And then between their business expertise and our ability to understand how a I can help them. A lot of very cool stuff happens. 

Rob: What are their differences? in the prompts from Copilot to ChatGPT or any of the other engines out there? 

Shawn: So, um, I have a philosophy, for sure, um, about that question. The short answer is yes.

There, there, some, some, um, LLMs are better at some things versus others. The reality is, they're, you know, for the general populace, they're all very close. It really comes down to how do you use it the best or get the most Uh, out of your [00:18:00] workflows. Um, and so in general, our philosophy, because we have experts in Gemini, we have experts in Claude, we have experts, um, in ChatGPT, we have experts in CoPilot.

It really comes down to what, where does your business work the most? And then we're gonna help you take advantage of that. Like, if you need to go code, we're gonna tell you something different than if you're trying to get most personal productivity out of using Microsoft, right?

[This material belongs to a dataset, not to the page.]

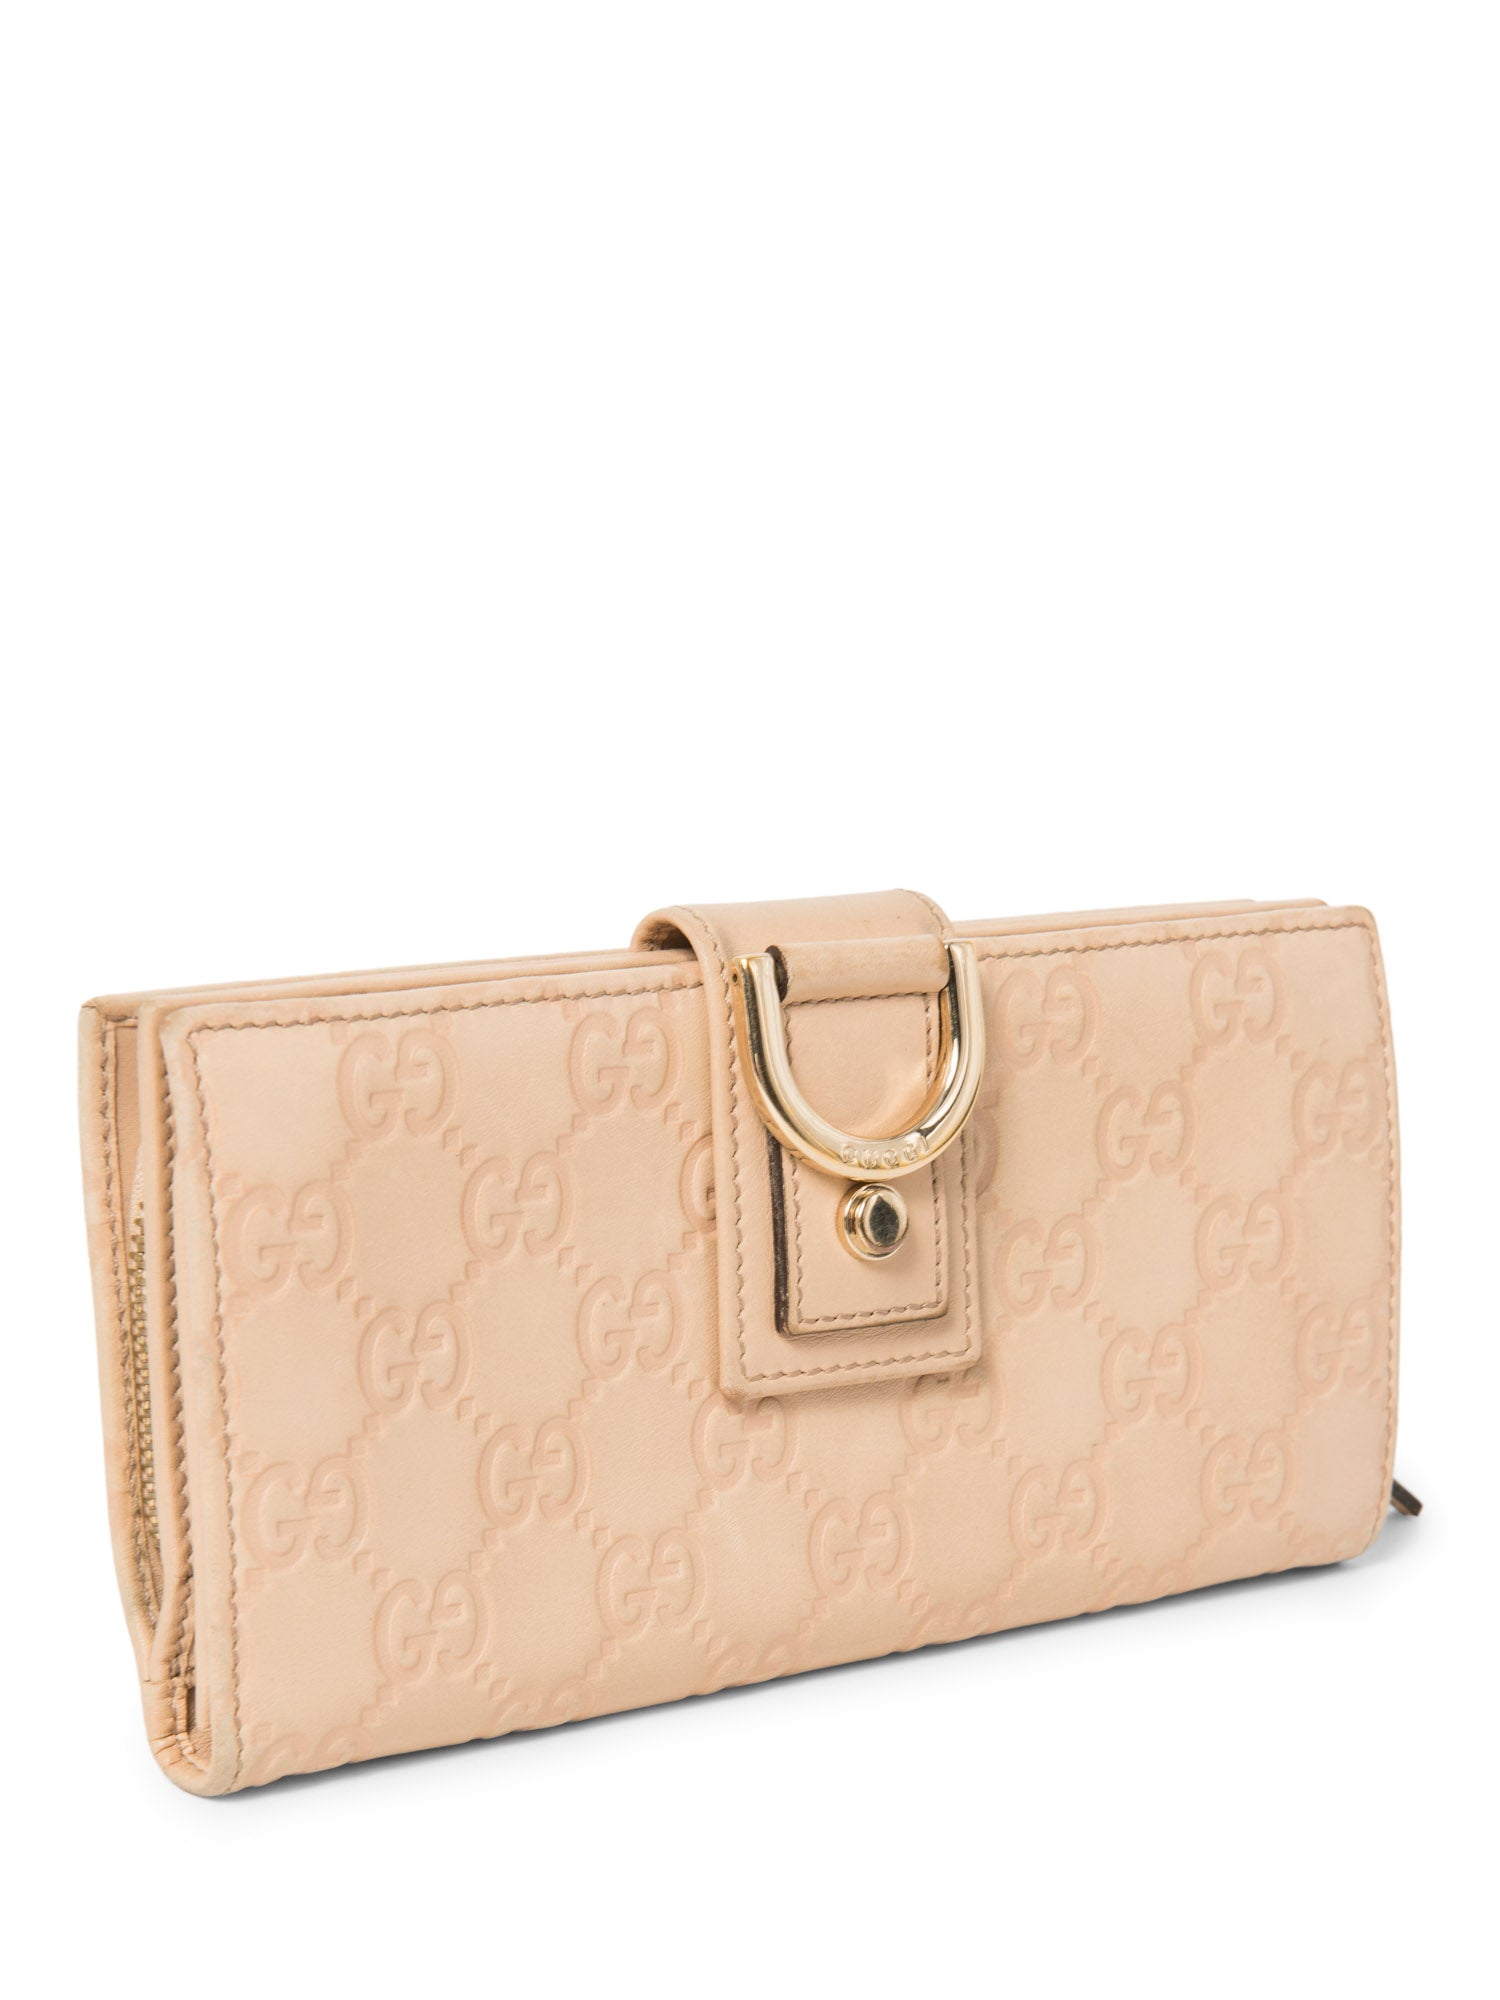 Gucci GG Supreme Leather Embossed Buckle Wallet Blush Pink Gold-designer resale

So, There are such nuances at this point that you need to just understand how to use any of them.

to get a ton of value. 

Rob: Um, you know, some of the things that we saw in the AI offerings that we were given, you know, to from our distributors, a lot of them were around contact center and agent replacements. Um, and it was very hard to justify those costs. to the business, right? Um, because we were looking at very long proof of concept times, you know, six months to get a proof of [00:19:00] concept upped and tweaked to where it actually works.

And hundreds of thousands of dollars to get just the proof of concept up. Um, so it was really hard to justify a lot of these to the business of, Hey, I think we're going to get this out on the other end, but you know, we're not really sure. Um, and. You know, you could look at similar industries and similar data sets, but those aren't pulling from the same data stack that other people are pulling from from their information.

So, um, how have you seen in the work that you're doing? Project approvals. 

Shawn: So you bring up such a such a great point. So part of our process, as I mentioned, we start with education, but that gets you in. And what we're seeing is like 4. 5 4. 5 hours a week of productivity gain, like That's 10%. That's like over 10%.

So when you think about the amount of productivity gain, you get just out of leveraging ChatGPT or Copilot, Gemini in your personal productivity, the [00:20:00] next phase is exactly what you're talking about, which is like AI automation, bringing in tools that are specific to helping you run your business better and or building automations.

So when we come into an organization, and that was kind of the other thing, like Lunavi builds amazing tech, right? But it is pro code, and it's going to be bulletproof, and it's going to be amazing. What organizations need right this split second is, prove to me this works. Yep. Prove to me this works as fast as you humanly can, so that then I can know, what is my return on investment going to look like?

Okay, you just proved to me that I was able to automate the hiring of, uh, any role in my company. From, from job description, to showing up on a call. In my calendar, that's 50 hours saved. That's not like a tiny amount, per roll. So that's not a tiny amount, that's a big amount. And so, if you can get to that proof of value very quickly, [00:21:00] well under 100, 000.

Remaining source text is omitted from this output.